_Dataset excerpt:_
###
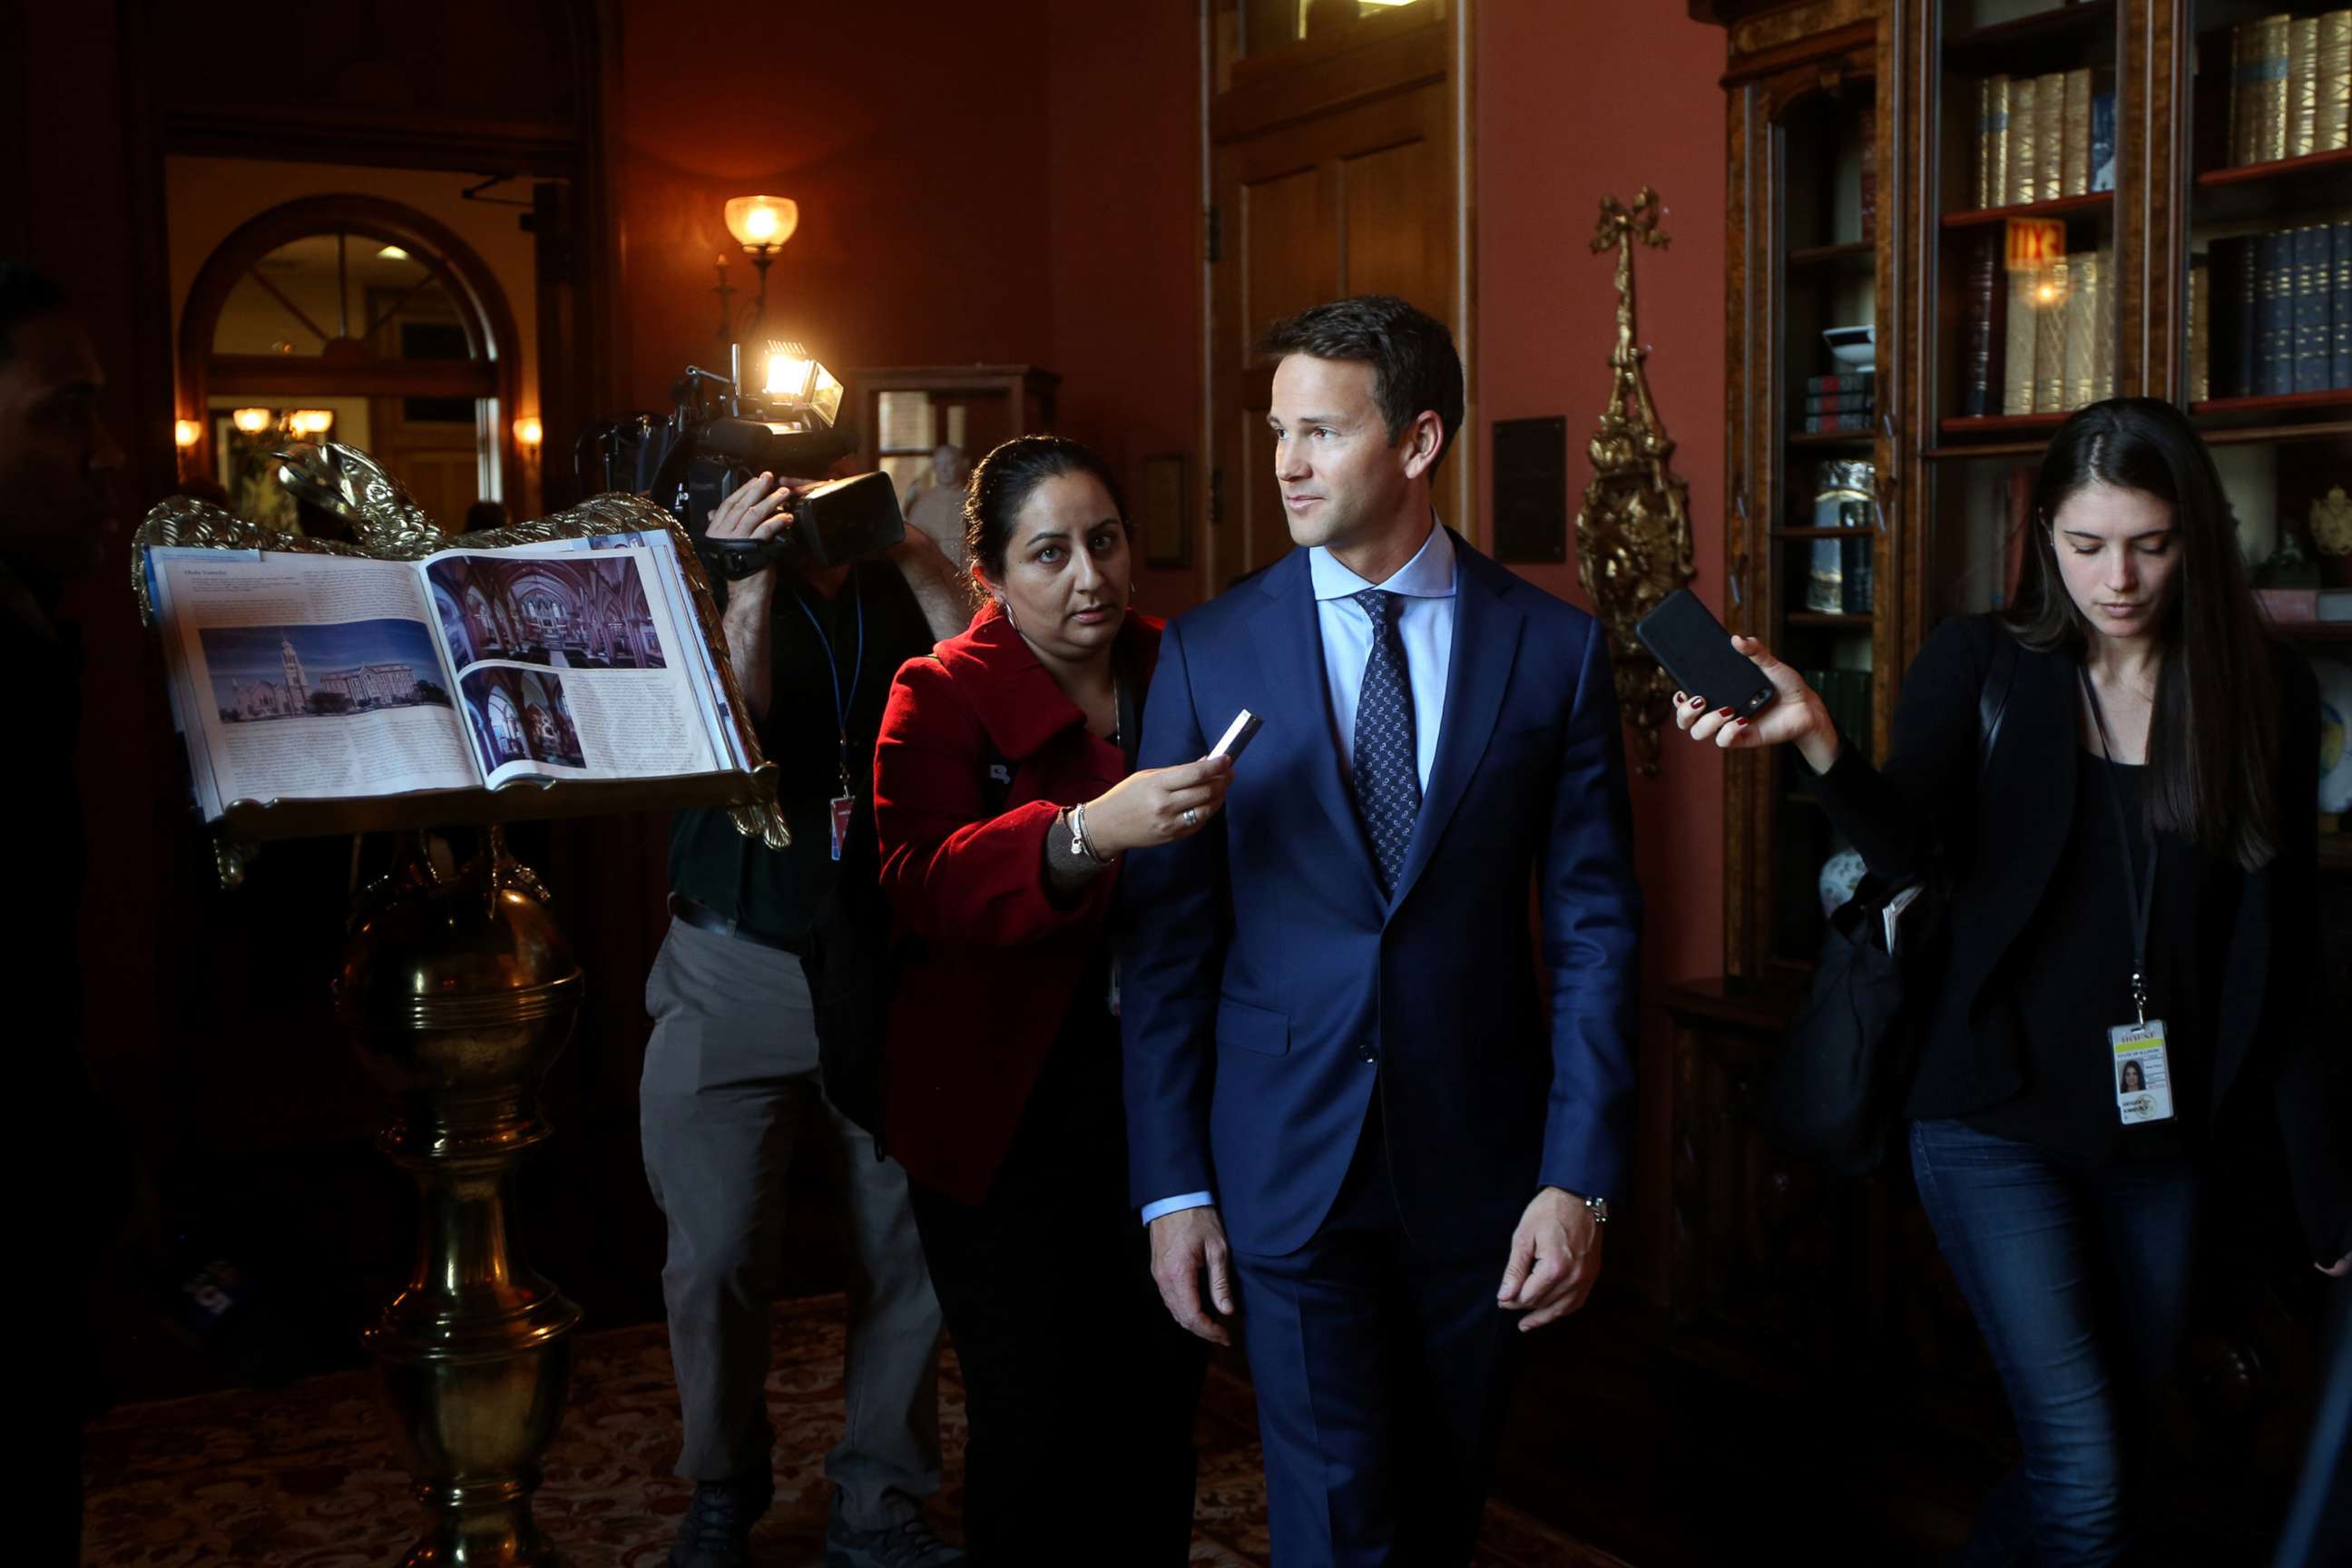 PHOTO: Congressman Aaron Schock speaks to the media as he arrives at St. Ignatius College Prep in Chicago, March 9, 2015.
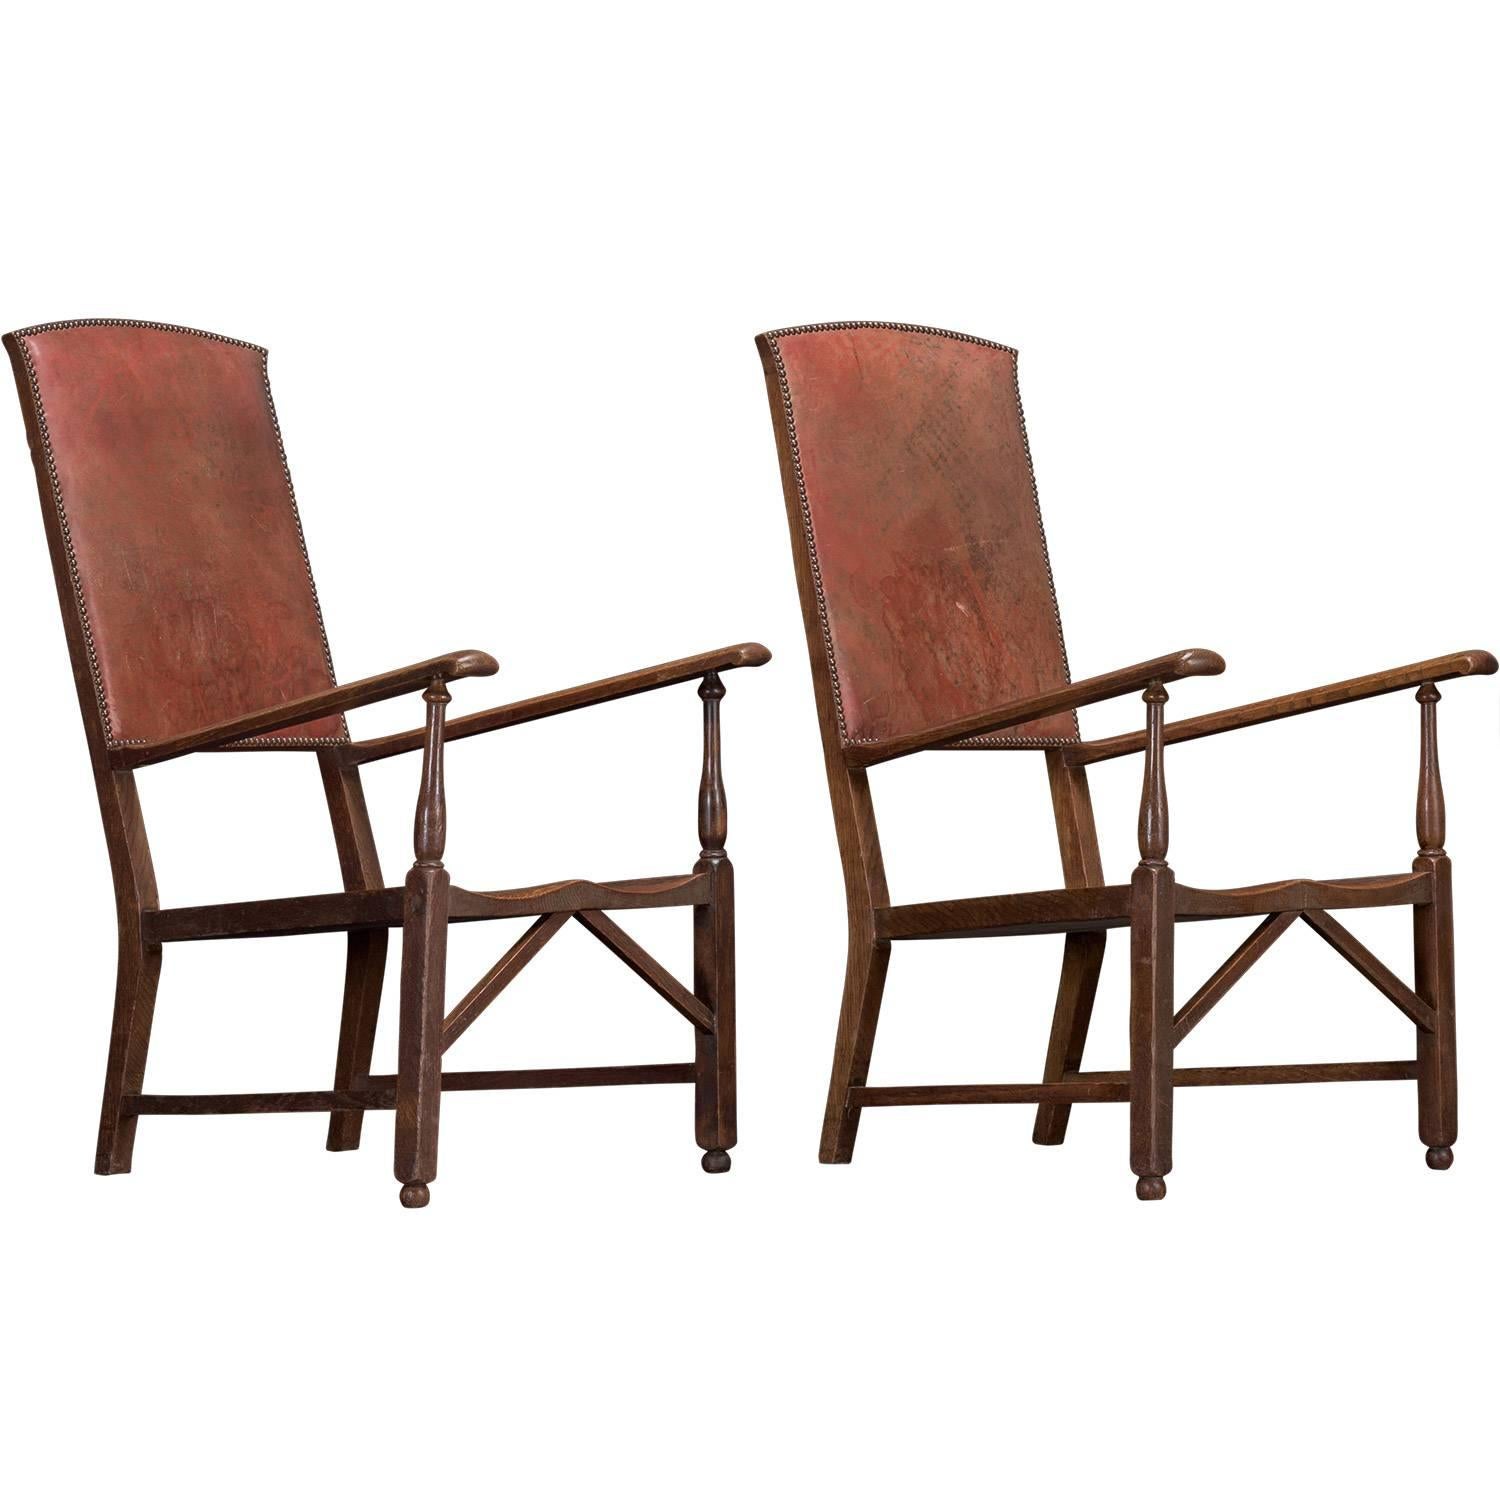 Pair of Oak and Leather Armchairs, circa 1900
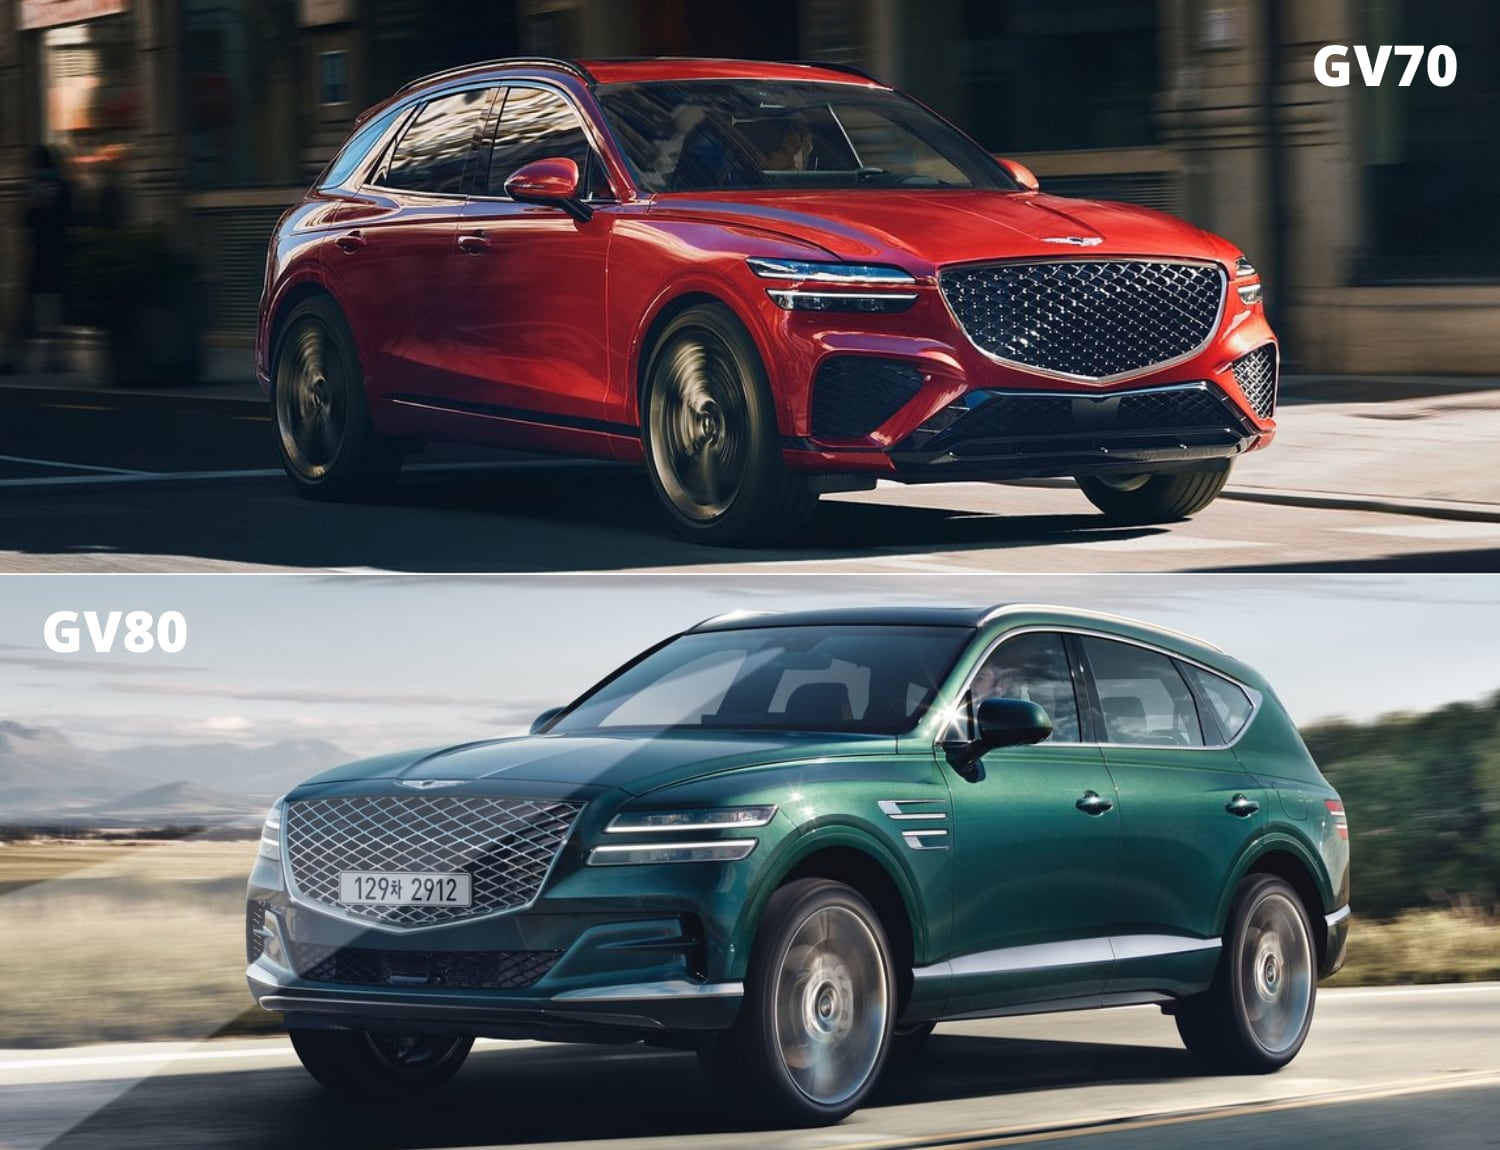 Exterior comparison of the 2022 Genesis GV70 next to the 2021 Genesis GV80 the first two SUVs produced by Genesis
###
_What is required:_ Reproduce the data above exactly, leaving out any picture in it.

_Solution for this exercise:_
 PHOTO: Congressman Aaron Schock speaks to the media as he arrives at St. Ignatius College Prep in Chicago, March 9, 2015.
 Pair of Oak and Leather Armchairs, circa 1900
 Exterior comparison of the 2022 Genesis GV70 next to the 2021 Genesis GV80 the first two SUVs produced by Genesis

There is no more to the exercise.